Practical Takeaways for Engineers
If you’re starting your next design and still treating timing as a discrete add-on, it’s time to change your mindset. Here are some recommendations to enhance the design process:
- Start early: Identify timing needs during architecture planning, not during board layout.
- Think platform-wide: Timing decisions affect everything from power consumption and board size to electromechanical interference (EMI) and service life.
- Explore integration options: Ask if your MCU or SoC vendor supports embedded resonators.

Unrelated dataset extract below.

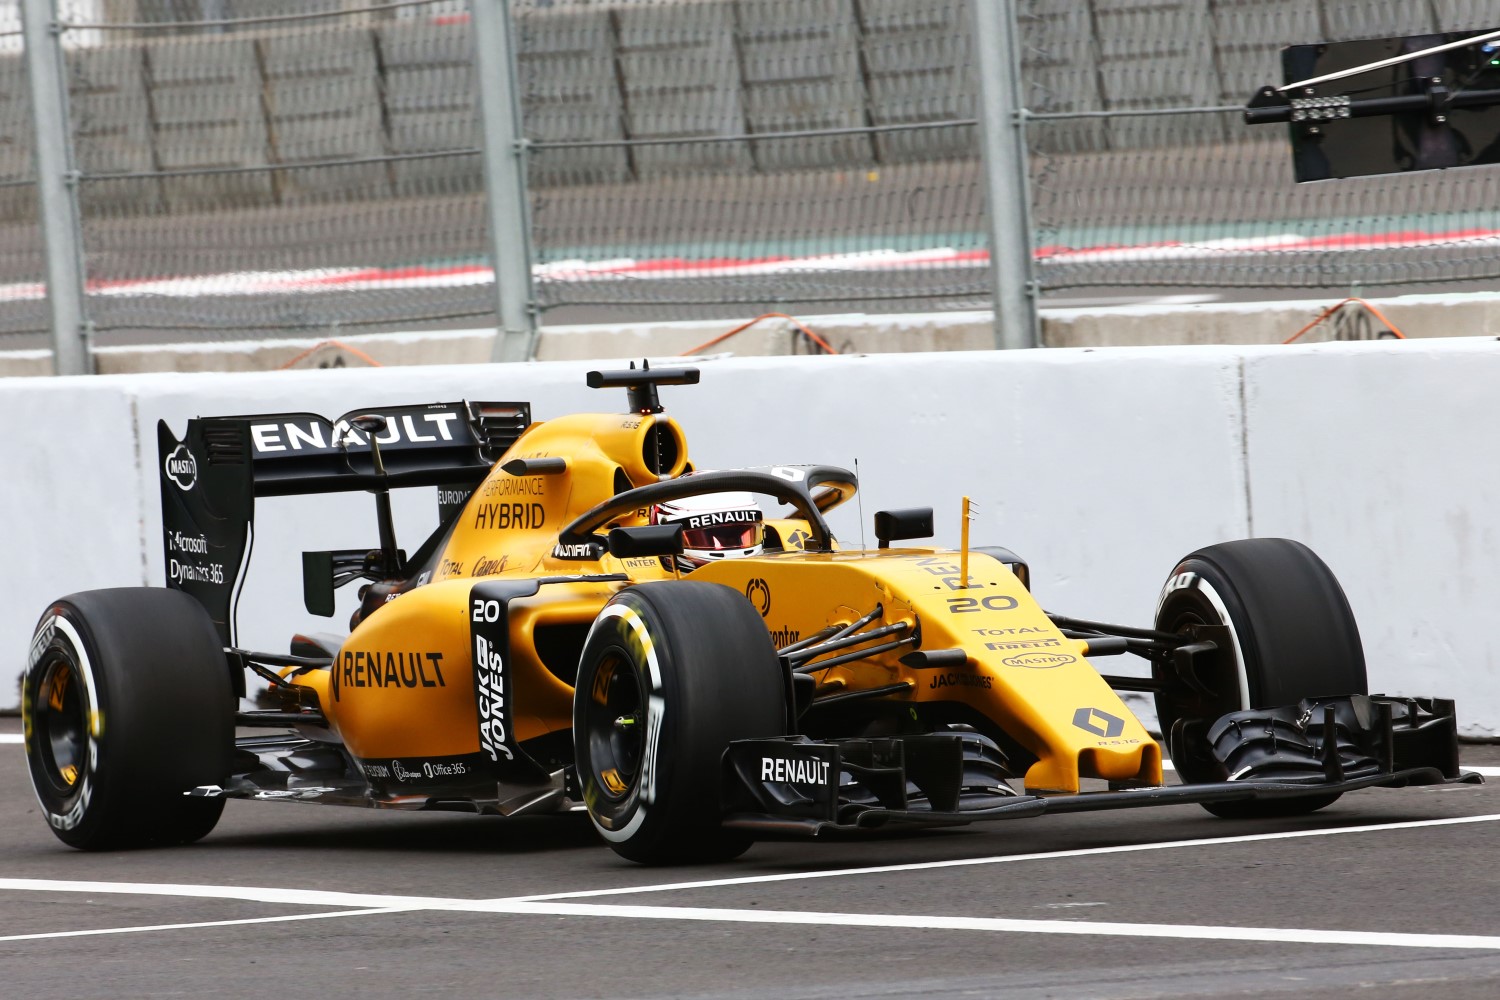 Magnussen not sad to leave Renault team
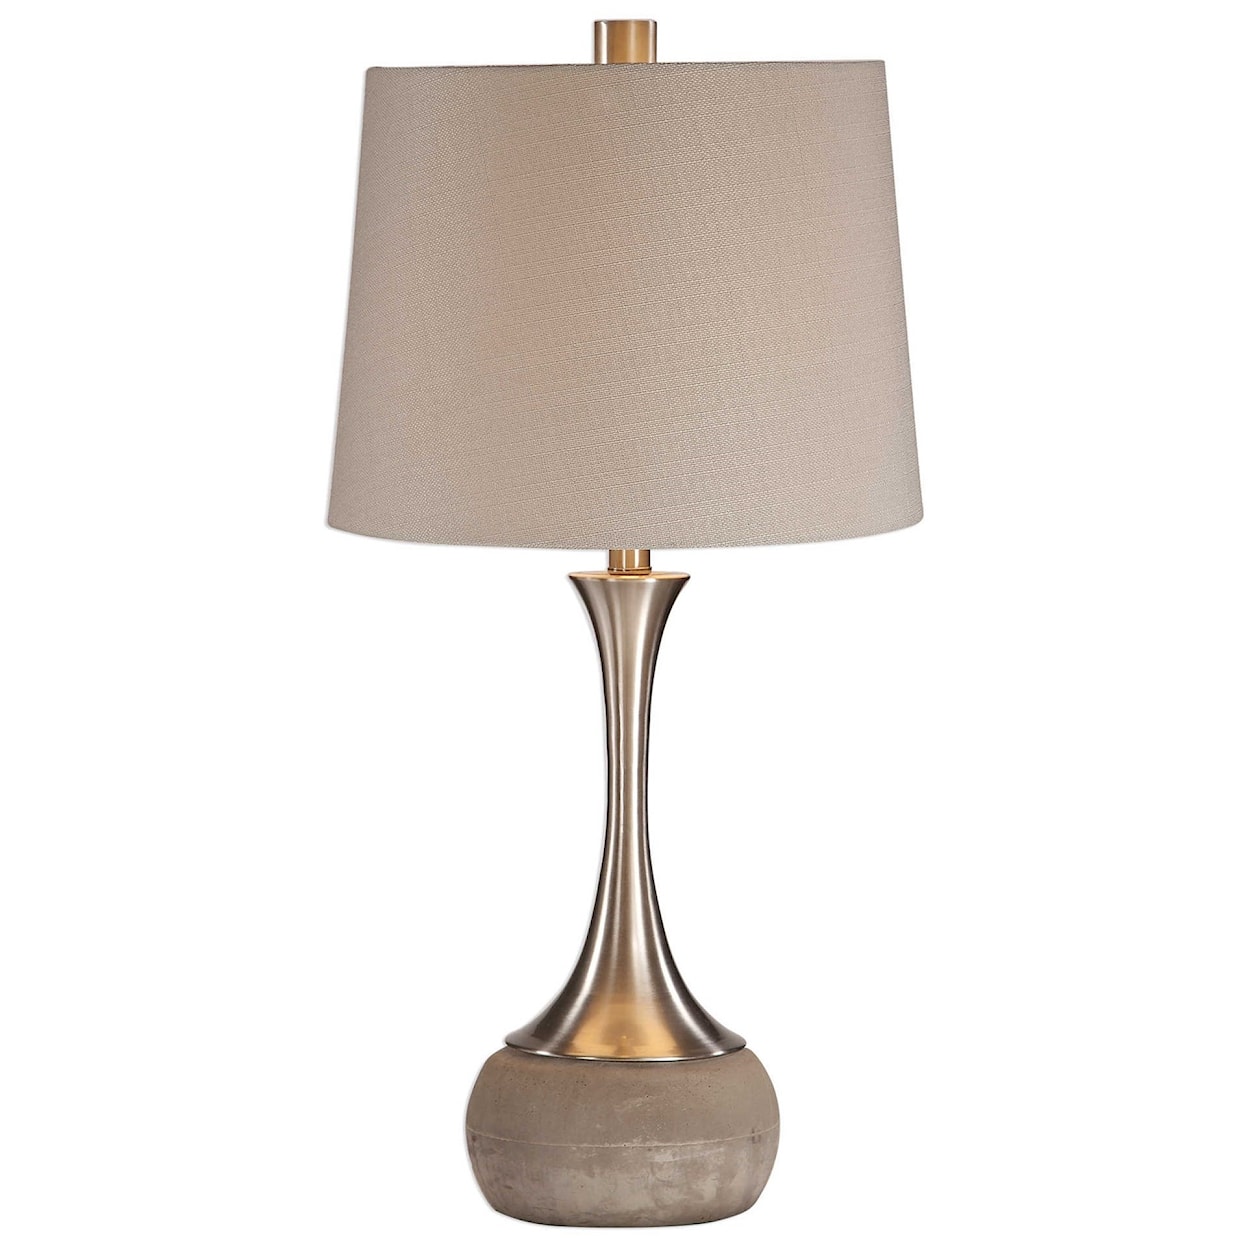 Uttermost Table Lamps Niah Brushed Nickel Lamp

- Prioritize MEMS-based timing where appropriate: This is especially relevant in demanding applications and harsh operating environments where resilience, reliability, startup time, power consumption, and timing performance under shock, vibration, and temperature changes are important factors.
MEMS timing technology is not just a drop-in quartz replacement—it’s a strategic design element. Used correctly and early in design cycles, it enables engineering teams to unlock performance, simplify systems, and accelerate time to market.
Precision Timing Takes Center Stage: From Component to Cornerstone
We are witnessing a turning point in system architecture. Precision Timing is no longer just an obscure component behind the scenes. It’s the heartbeat of performance, power efficiency, reliability, and precision, and engineers are taking notice.
As we continue this blog series on timing best practices, we’ll explore topics such as AI reliability, integration trends, and complexity management. It all starts with the new mindset of Precision Timing technology as a platform-level design decision.